For Zisiadis, it's this playful interaction that goes to the, excuse the pun, heart of it all. "Humans enjoy having fun. In fact, I think humans have a right to joy. Yet if you look around us in the public environment, the things we build don't reflect that assumption. So Pulse of the City co-opts the form of a parking meter, which is this ubiquitous boring gray thing that takes your money, to instead be an explicitly engineered item that induces happiness in people."

Everyone has a heartbeat

The keys to this intervention's success in making urban space more human are simplicity and accessibility. According to Zisiadis, one of the key factors driving the design was that any person on Earth would be able to relate to it. "Everyone has a heartbeat," he says, alluding to the universal spirit of Pulse. While the statement itself is not exactly breaking news, the message behind it speaks to a deeper truth that we ultimately have much more in common than we acknowledge, and listening to each others' amplified musical heartbeats affirms our common humanity. We all know how to laugh, dance, and breathe.

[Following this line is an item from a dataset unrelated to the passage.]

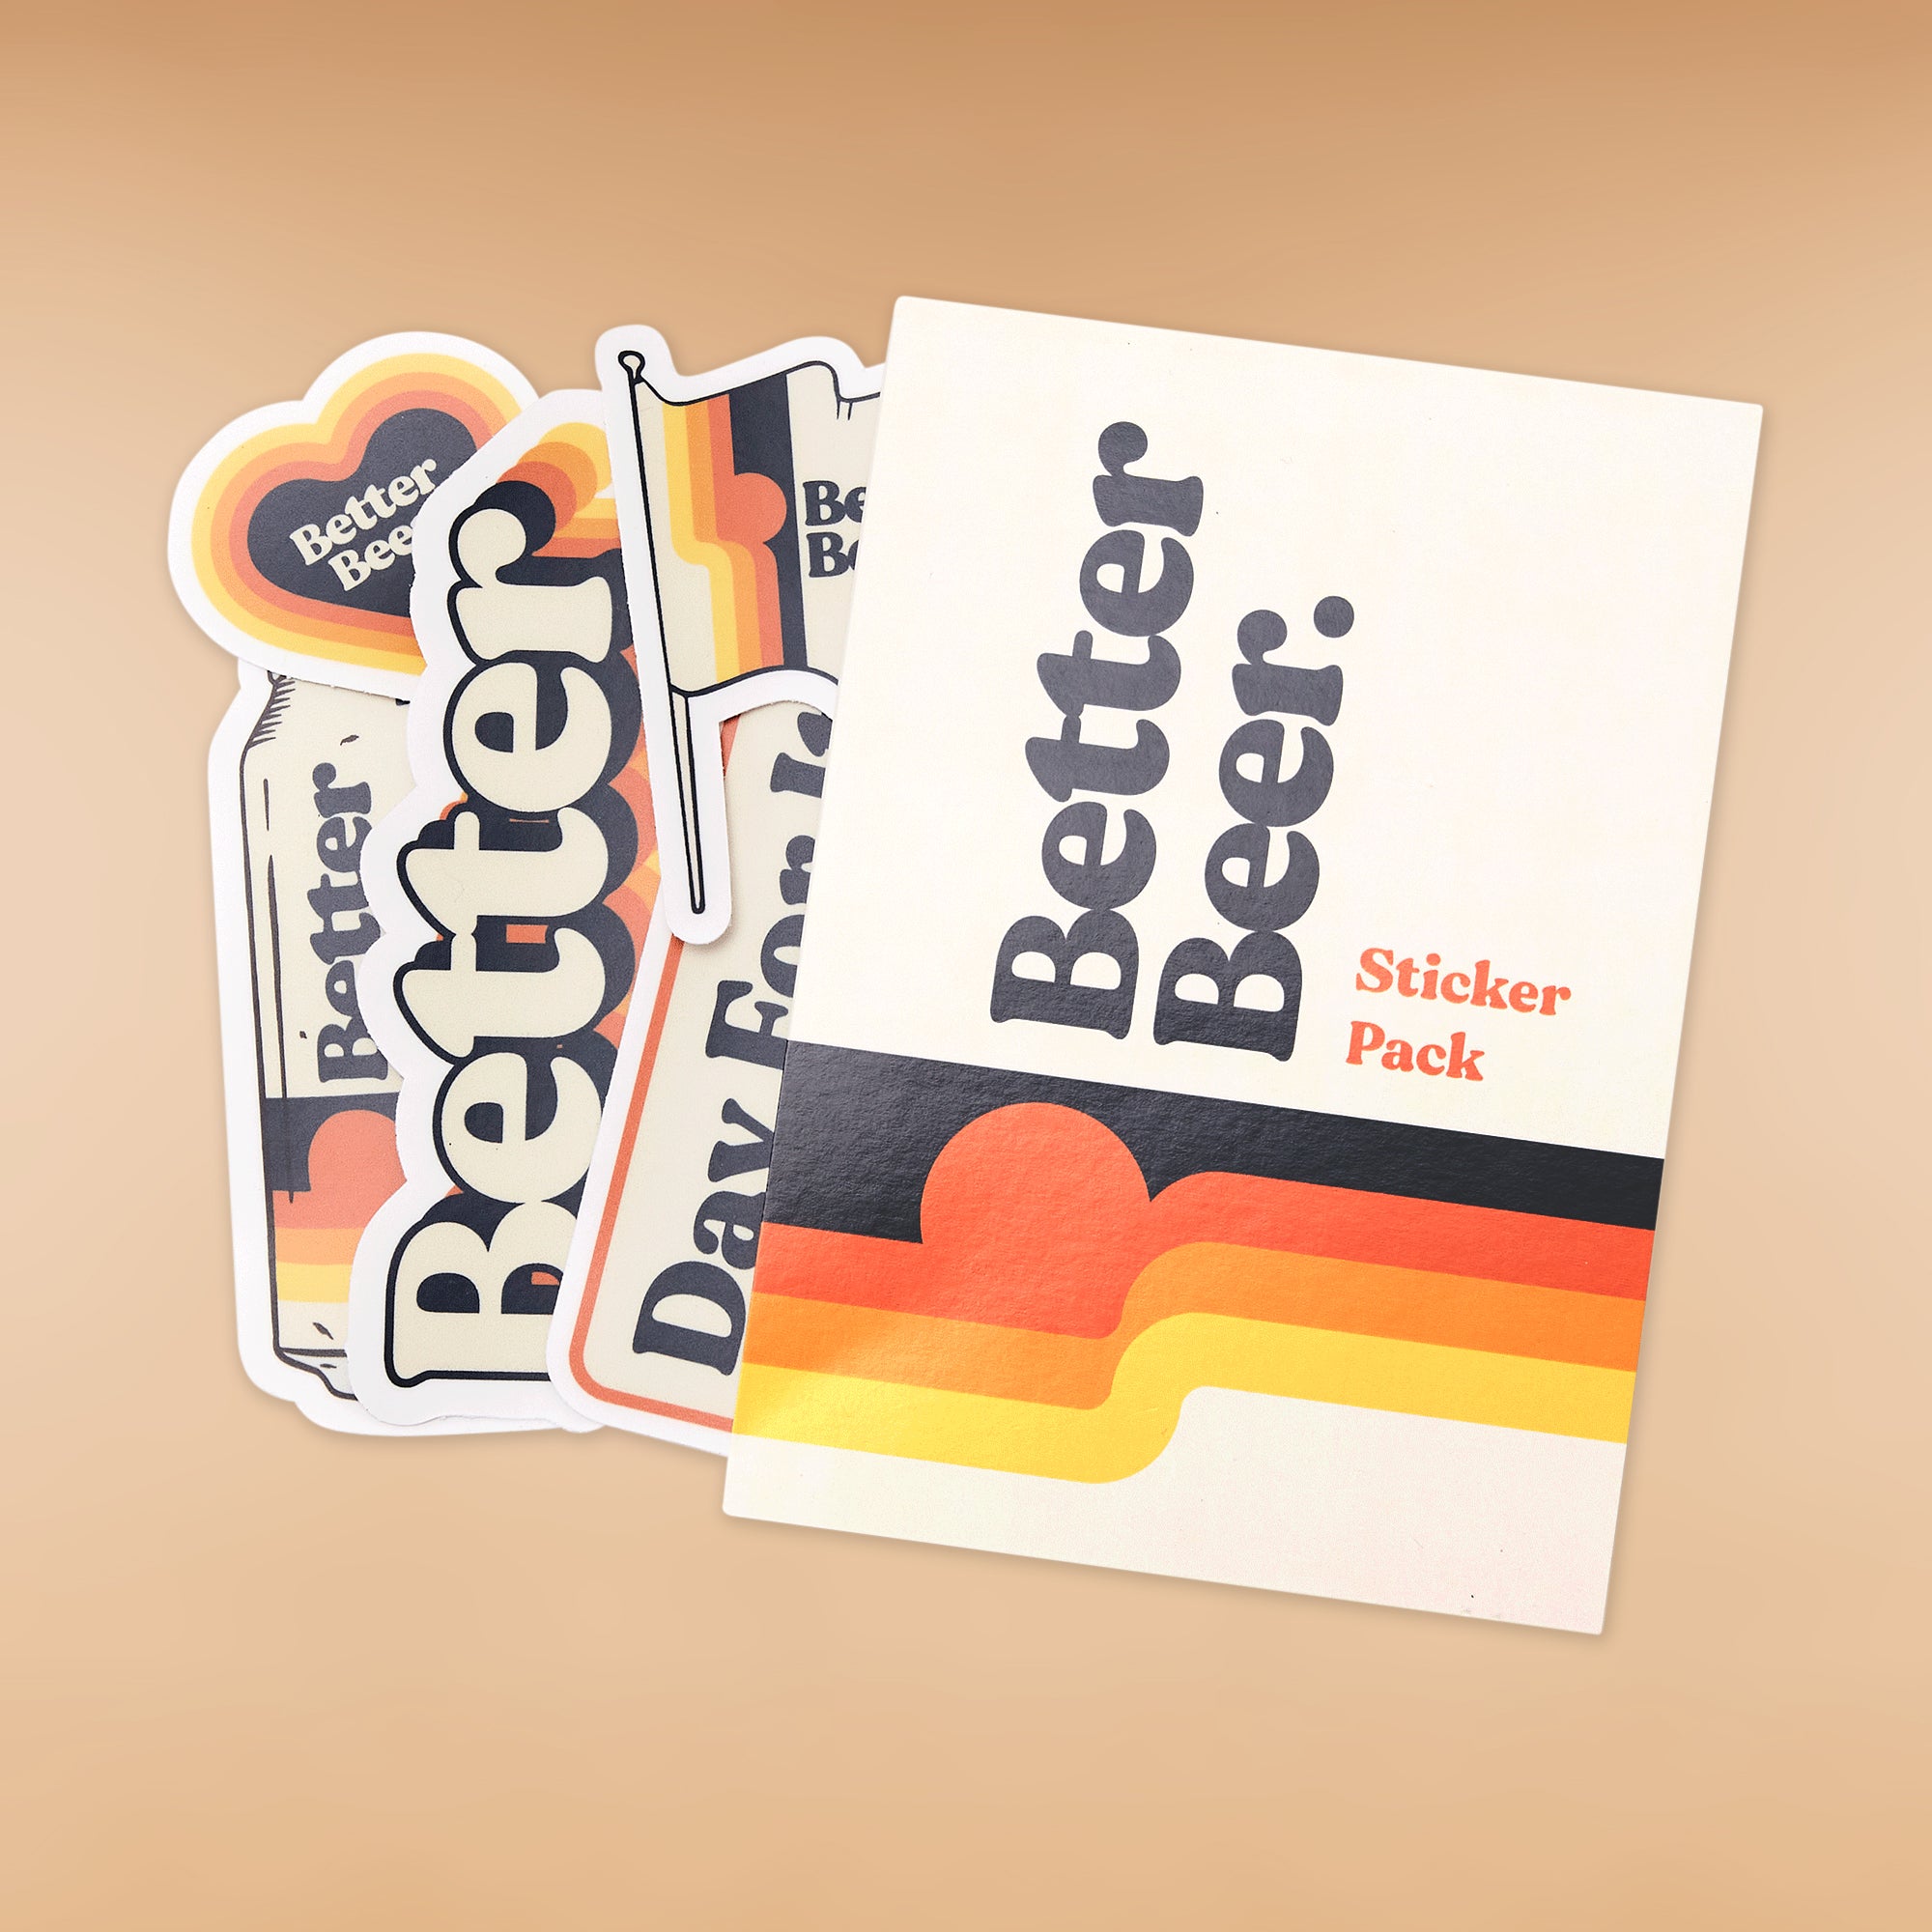 Better Beer Sticker Packs

The other advantage of keeping a public art intervention simple and accessible is that it can easily be replicated on any city street across the world. Not only did the creators keep Pulse of the City small in design for that reason, but they made the pieces solar-powered in order to be easily deployed and self-sustaining, keeping in mind the ultimate goal of impacting as many people as possible. So Pulse really is a pilot in a broader sense, itching to go travel and spread its roots after its maiden year in Boston.

"One of the beautiful things about Pulse of the City is that it fits into and compliments any urban environment," says Zisiadis. "It's built for cities, and cities are increasingly part of the human experience. The idea that Pulse of the City could be in other cities and other countries around the world is a really exciting one, now that it's shown that it works well in Boston."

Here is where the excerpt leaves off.